Fatwa MUI Sumenep tentang haramnya mengemis belum lama ini sempat menjadi kontroversi. Mensos, Aburizal Bakrie mendukung keputusan ini. Mengemis di satu sisi adalah salah satu profesi yang sangat menjanjikan bagi sebagian orang, karena mengemis dapat mendatangkan rezeki secara langsung dan relatif mudah. Pada sisi lain, mengemis dianggap tindakan yang dapat mengganggu ketertiban umum. Apalagi, saat meminta sedekah orang disertai dengan sedikit ancaman. Hal ini tentu menjadi wajar jika mengemis dihukumi haram.
Saat menentukan suatu hukum, ulama tentu tidak dengan gegabah. Banyak pertimbangan syara' yang harus dijadikan pijakan. Selain itu, pijakan sosiologis tentu tidak boleh diabaikan. Efek dari lahirnya suatu fatwa sudah pasti akan menjadi salah satu unsur penentu ketentraman masyarakat. Dengan demikian, MUI Sumenep yang mengeluarkan fatwa haramnya mengemis dianggap telah membuat pertimbangan-pertimbangan matang tentang positif dan negatif dari munculnya fatwa tersebut.
Pada tataran praktis, kekuatan fatwa memang tidak akan sedasyat kekuatan undang-undang. Ia hanya menjadi salah satu pengisi kekosongan hukum untuk menjawab problema kontemporer. Masyarakat boleh menjalankan dan juga bisa mengabaikan. Namun, bagi sebagian masyarakat yang taat kepada ulama, munculnya fatwa merupakan bentuk aturan yang harus dijalankan.

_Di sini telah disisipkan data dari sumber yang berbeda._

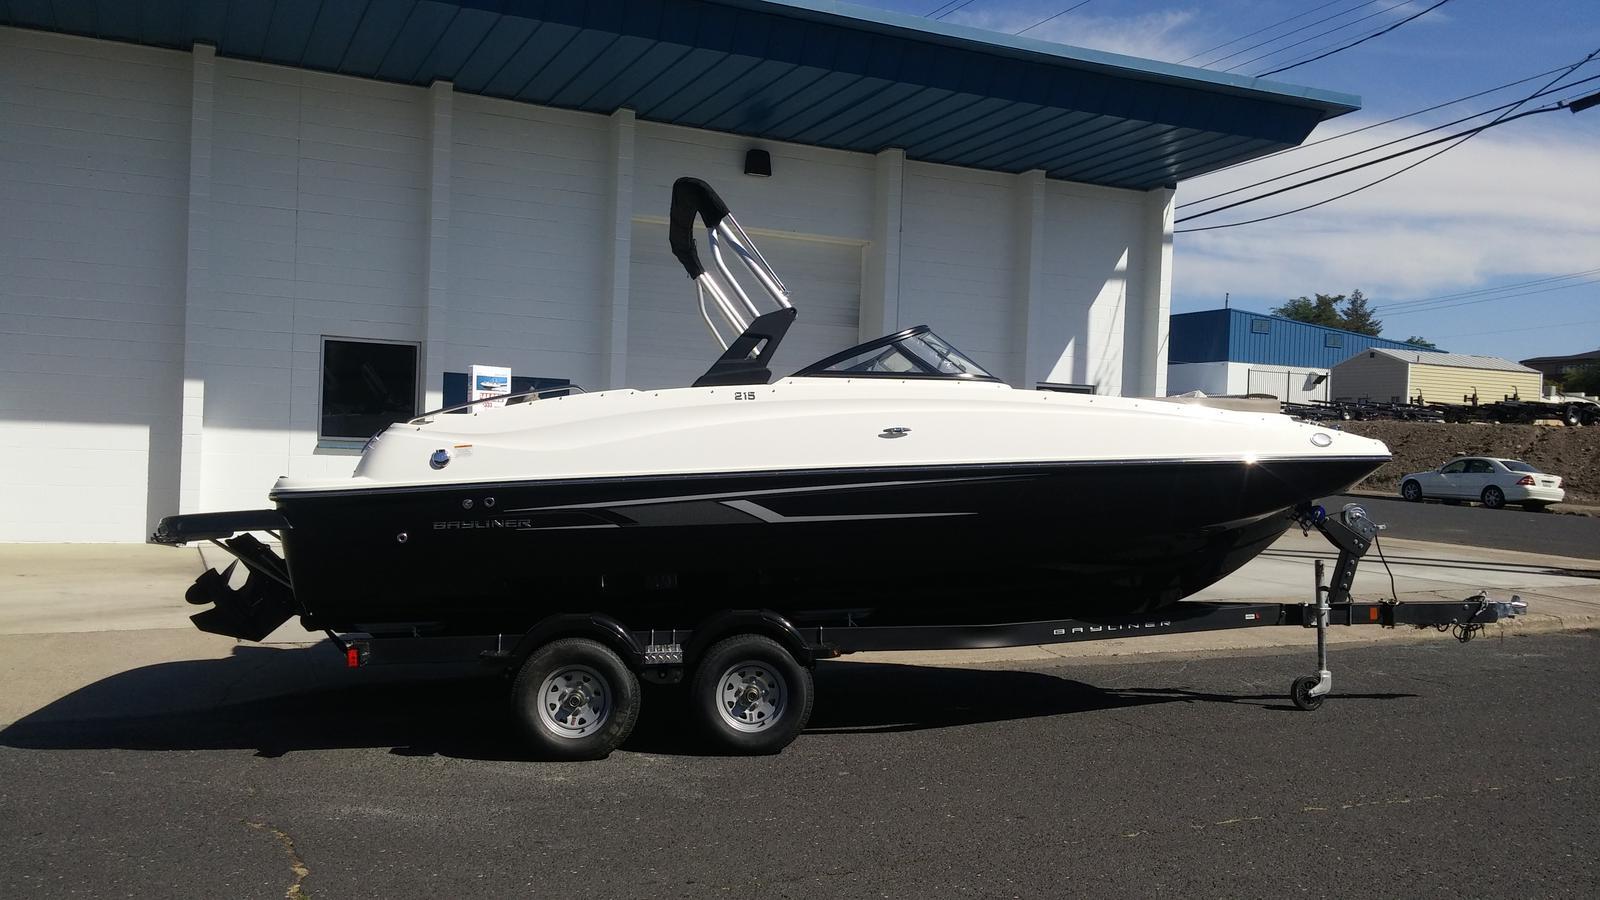 For Sale: 2019 Bayliner 215 Deck Boat 22ft<br/>Trudeau's Sea Ray - Spokane

Hanya kemudian, kedewasaan masyarakat dalam menyikapi suatu produk hukum akan menentukan efektif tidaknya suatu fatwa. Jangankan fatwa, hukum yang berupa undang-undang pun tak jarang hanya menjadi dokumen tertulis ketika tidak mendapat dukungan dari masyarakat. Alhasil, fatwa MUI Sumenep tentang haramnya mengemis tinggal menunggu waktu. Jika masyarakat peduli, fatwa itu akan efektif. Namun jika tidak, fatwa itu akan mengalami nasib serupa dengan fatwa-fatwa lain yang awalnya kontroversial namun kemudian ditinggalkan.